The first performer that blew my socks off at this year’s Folk Fest was Yola Carter, a singer-songwriter from Bristol, England. She just released her first EP, Orphan Offering, featuring six tracks of roots music magic. Carter is, pure and simple, a revelation. She’s a songwriter who can craft some true old-school country songs tinged with a little gospel flavour, and a singer whose voice fairly crackles with power. She’s at her best in the last song on the EP, “Fly Away,” where her sharp, strong voice dances effortlessly between a powerful guitar groove and crisp fiddle riff.
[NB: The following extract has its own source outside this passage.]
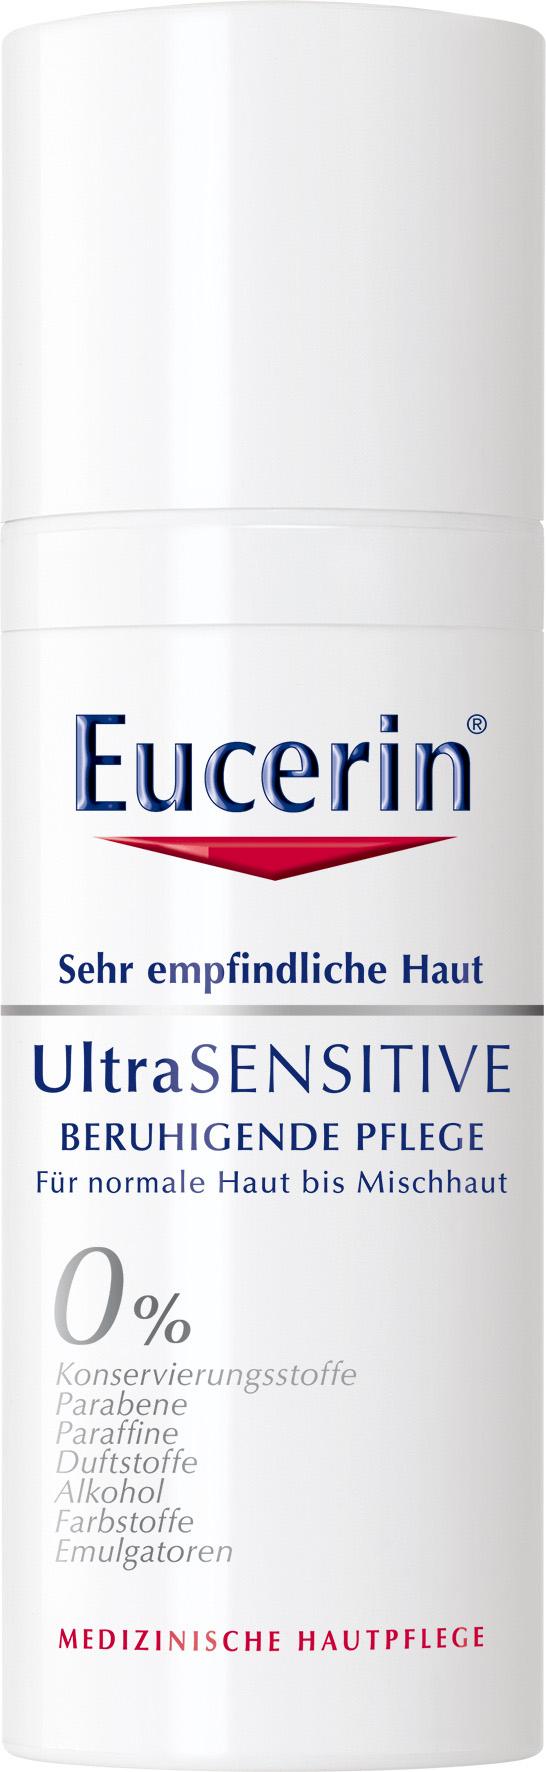 Eucerin UltraSENSITIVE BERUHIGENDE PFLEGE Für normale Haut bis Mischhaut 50ml, UVP 16,90, PZN 10268689 Die Formel mindert unangenehme Hautgefühle wie Stechen, Brennen und Jucken, stärkt die

All of the songs are great, but “Fly Away” is a showstopper.

The best way that I can summarize The Unthanks is “what would happen if Broken Social Scene and Gil Evans had two baby girls who grew up to make folk music.” The band uses traditional English folk music as a jumping off point for lush instrumental arrangements and prog-rock sensibilities that marry perfectly with the vocals from sisters Rachel and Becky Unthank. Their debut album, 2009’s Here’s The Tender Coming, is a great introduction to the group, combining haunting melodies and lush arrangements with more straightforward folk interpretations. It’s a strange combination of musical styles, but it really works for me.

Los Angeles-based La Santa Cecilia’s newest album, Amar Y Vivir, is a real joy. The group highlights their Mexican-American roots on this album, which was apparently recorded in five days, live to tape in a variety of locations in Mexico City. The band is incredibly tight, their instrumentation perfect and their technique impeccable. And singer Marisol Hernandez…she’s unbelievable. Her voice is incredibly versatile, at one moment rich and soulful, at another growly and raucous. Chock full of guest stars, Amar Y Vivir does not disappoint, and the band has uploaded the entire visual album to their YouTube channel, which makes an already great musical experience even better.

Do you like Khoomei, also known as Tuvan throat singing? Of course, we all do. Which is why I had to catch Huun Huur Tu performing live, a quartet that are not only Khoomei geniuses but also talented instrumentalists to boot. When I close my eyes and listen to their music, I’m transported to a place where riders on horses navigate rolling steppes and birds soar in the breeze. It’s not just the power of suggestion, though; Huun Huur Tu have mastered their vocal tracts so that they don’t just sing and buzz, but also sound like horses, birds, crickets, wind, and rushing water when need be. Their best-known album, The Orphan’s Lament, was my first purchase after coming back from Folk Fest, and I’ve listened to it every day since.

Darlingside is a folk-pop quartet who make music that’s reminiscent of Sufjan Stevens and The Byrds but with bluegrass instruments. The four members are talented multi-instrumentalists who all sing into a single condenser microphone, a technique that creates a dreamlike sound where it’s often hard to tell if there’s one voice or a chorus. Their second album, Birds Say, is both musically rich and tongue-in-cheek humorous, particularly the song “Harrison Ford,” a song about a character dreaming of a job interview which involves him dueling the gruff actor and flying away with him on a giant mechanical bird. I don’t know what else I could possibly say to convince you to buy it, honestly.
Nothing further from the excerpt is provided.